Stranger Than Fiction

The other night I watched Mission Impossible 3, the one where Tom Cruise swings from one skyscraper to another on a rope. His buddies tell him if he hits the other skyscraper he’ll get smushed. But he does it anyway because, you know, it is called Mission Impossible. He does not get smushed, but he does crash through a window, and then swings back out, relatively unharmed.
How I know this is fiction is that last week, right about the time I was supposed to be writing last week’s blog entry, I myself crashed into a glass door. And my nose got smushed. Well, broken, actually. I was walking at top speed and did not see the very clean glass door that was in front of the glass door I was actually aiming for. So my focus was on the further door. Anyway, the point is, I was only walking and my nose broke. Watching Tom Cruise swing from skyscraper to skyscraper and go through a plate glass window at centrifugal force speed and not get hurt seemed particularly ficticious as I sat with my black eyes and sore face.

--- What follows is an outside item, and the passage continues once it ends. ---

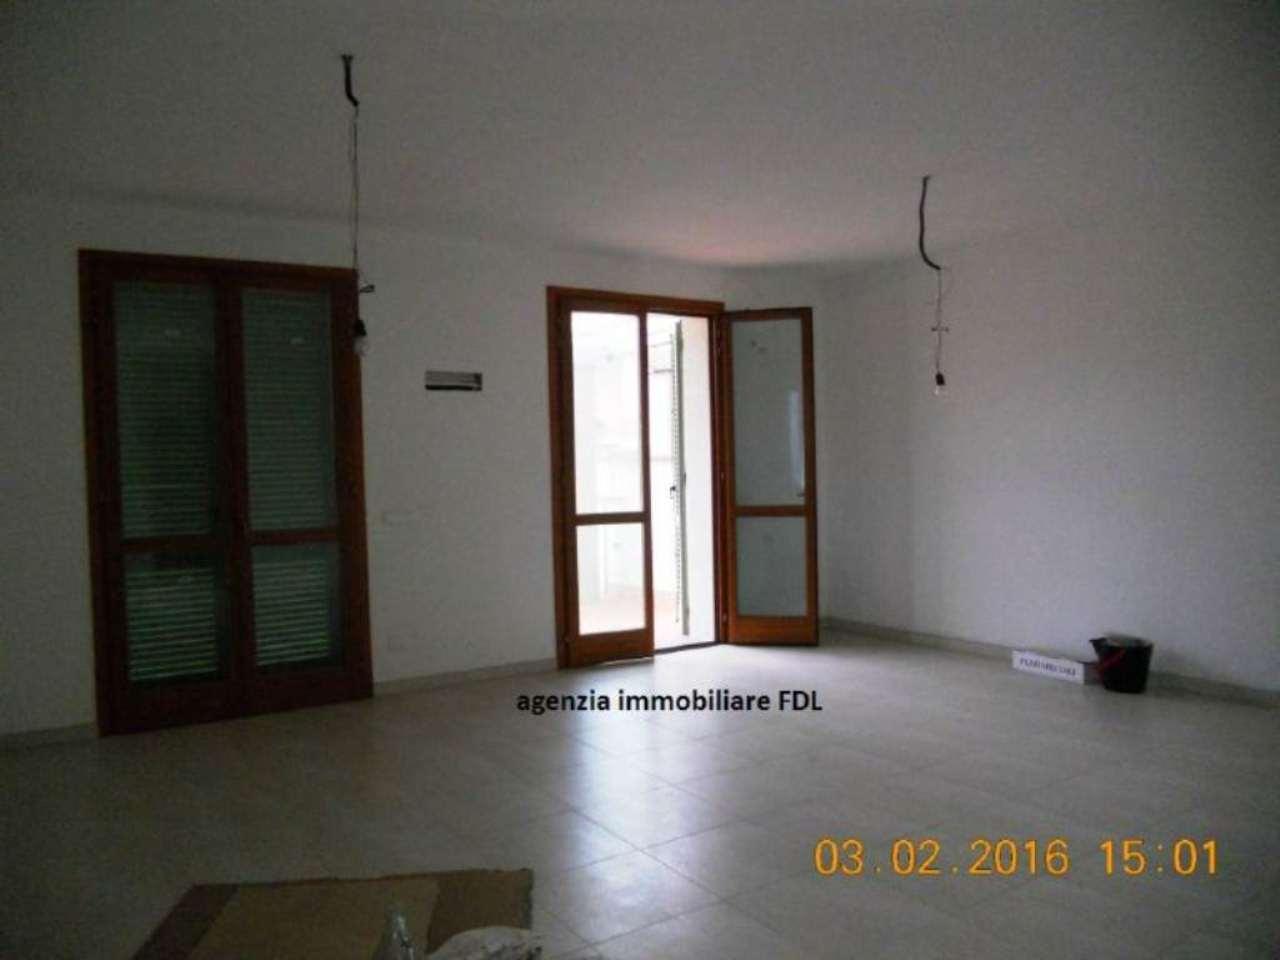 Palazzo / Stabile in vendita a Ponsacco, 8 locali, prezzo € 415.000 | CambioCasa.it

Yet when I write fiction, it needs to be believable. Why is it that spy movies (and possibly novels) can be so far-fetched, and yet we watch them with disbelief suspended? Is it because we are not spies and impossible missioners so we can think, “Well, that could happen…”? Or is going along for the ride just too much fun? I know one thing. It sure was fun to watch, but as I watched him crash through the window all I could think of was how much that would hurt if it were real. I definitely had a different perspective after the glass door attacked my nose!